Comparison with nicotine patches. On making the Zyban to NRT comparison, the efficacy by point abstinence does show twice the efficacy. However, ASH believes it is premature and inappropriate to make this claim, given the current state of the evidence - for the following reasons.
- This is a single study and should be replicated before drawing any conclusions.
- The result for the nicotine patch is very poor = only 1.05 x placebo - odds ratio 1.1. Yet we know that NRT has a large evidence base (about 80 studies) suggesting that it is much more effective than this figure would suggest. So the 'twice as effective' claim is based on an anomalous result for the nicotine patch in a single study. Bupropion has only been compared with, and combined with, one fixed dosage form of NRT - a patch. The result should not be generalised to administration forms intended for ad lib use.
- The Cochrane collaboration undertakes systematic reviews of evidence for the efficacy of smoking cessation treatments. According to the Cochrane review, the odds ratio for continuous abstinence with NRT compared to control was 1.72 (95% confidence interval 1.60 to 1.84), The odds ratios for the different forms of NRT were 1.63 for gum, 1.77 for patches, 2.27 for nasal spray, 2.08 for inhaled nicotine and 1.73 for nicotine sublingual tablet. For bupropion, the Cochrane review has pooled results of four studies (2 published) and given a combined odds ratio of 2.73. I shall resist translating these figures into a comparison of NRT and bupropion because.... www.update-software.com/cochrane/cochrane-frame.html
- ... the Cochrane review (1999 issue 3, which is subscription only on CD) says of bupropion and nicotine replacement: "Nicotine replacement therapy (NRT) has proven efficacy in over 80 studies [...] and has a very benign side-effect profile. The early results for several anti-depressants, especially bupropion, are sufficient to endorse their use in medical practice. There is insufficient published evidence to recommend bupropion in preference to NRT or vice versa. Bupropion may also be helpful in those who fail nicotine replacement." Cochrane is probably the 'gold-standard' of evidence assessment.
- This comparison question has also been evaluated by the US FDA (Food and Drug Administration) and is reflected in the US prescription information for bupropion: "The comparisons between Zyban, NTS [Nicotine Transdermal System] and combination treatment in this study [Jorenby et al] has not been replicated, and, therefore should not be interpreted as demonstrating the superiority of any of the active treatment arms over any other."
On the basis of the analysis above, Clive Bates, Director of ASH said:
"Zyban is an effective anti-smoking treatment, and that the first studies show very promising success rates. But until more studies have been done, it is too soon to be making comparisons between NRT and Zyban. Both products have an important role to play and will meet smokers' needs in different ways. The products may also be most effective when used in combination."

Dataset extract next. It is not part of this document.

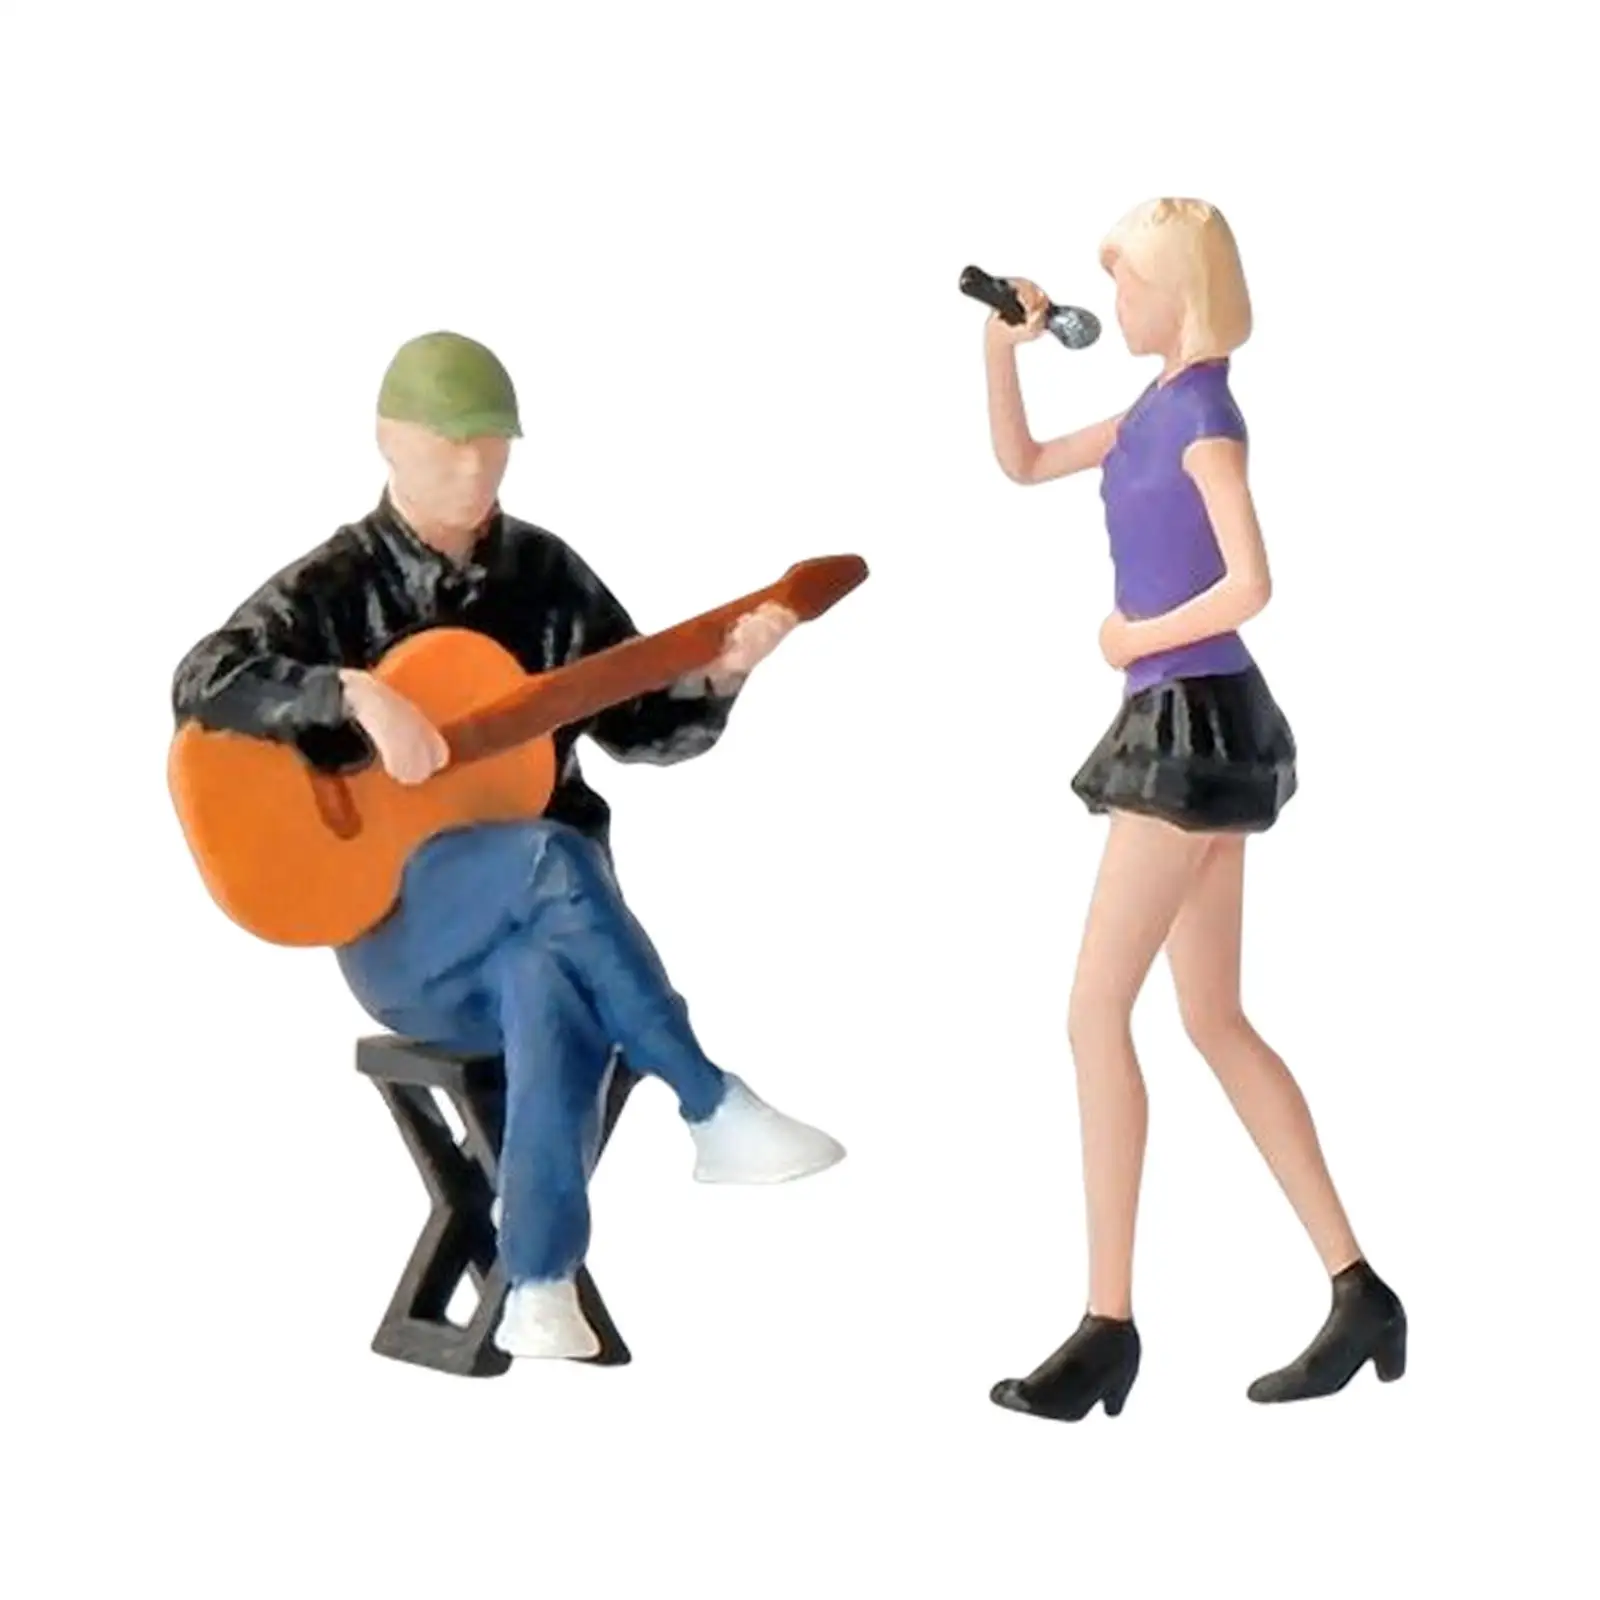 1:64 Guitarist and Singer Model Figures Desk Decoration People Figurines Diorama Miniature Realistic for Scenery Landscape Decor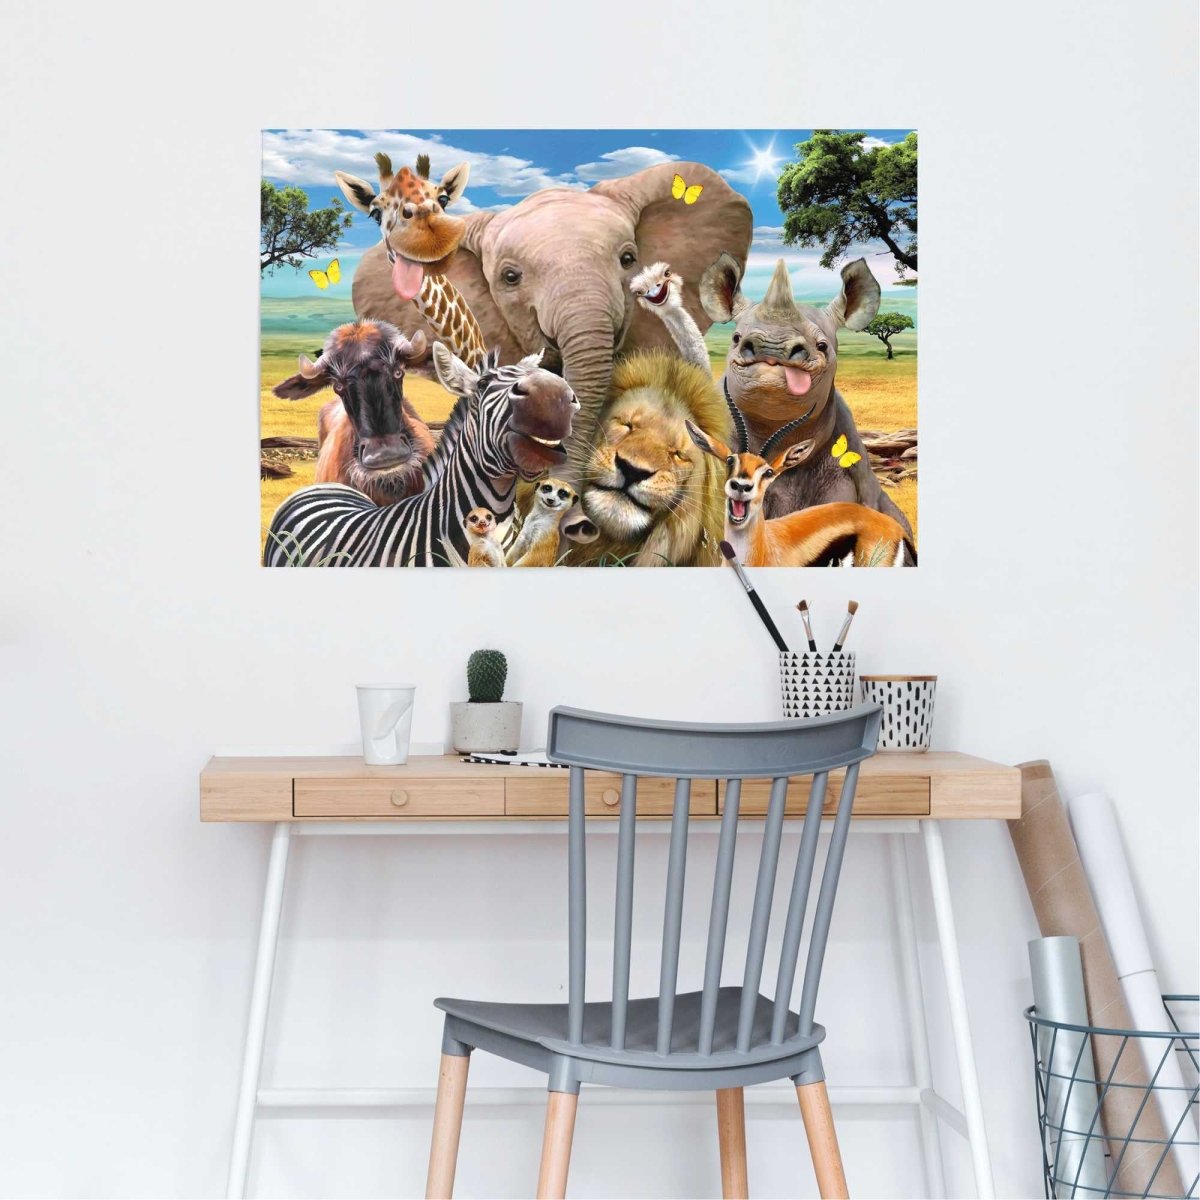 Poster Safari - Fun! 61x91,5 - Reinders

[Note on odds ratios; results and probabilities are sometimes expressed as 'odds', and comparisons made as 'odds ratios'. Roughly speaking, these work as follows... a 30% abstinence rate at 12 months means the odds of abstinence are 30:70 = 0.43. For 15% success rate, the odds are 15:85 = 0.176. Dividing these gives odds ratio - 2.4 in this example which is close to the bupropion result - this measure gives a more standardised comparison of treatment efficacy than comparing absolute success rates and enables results from treatment in different settings.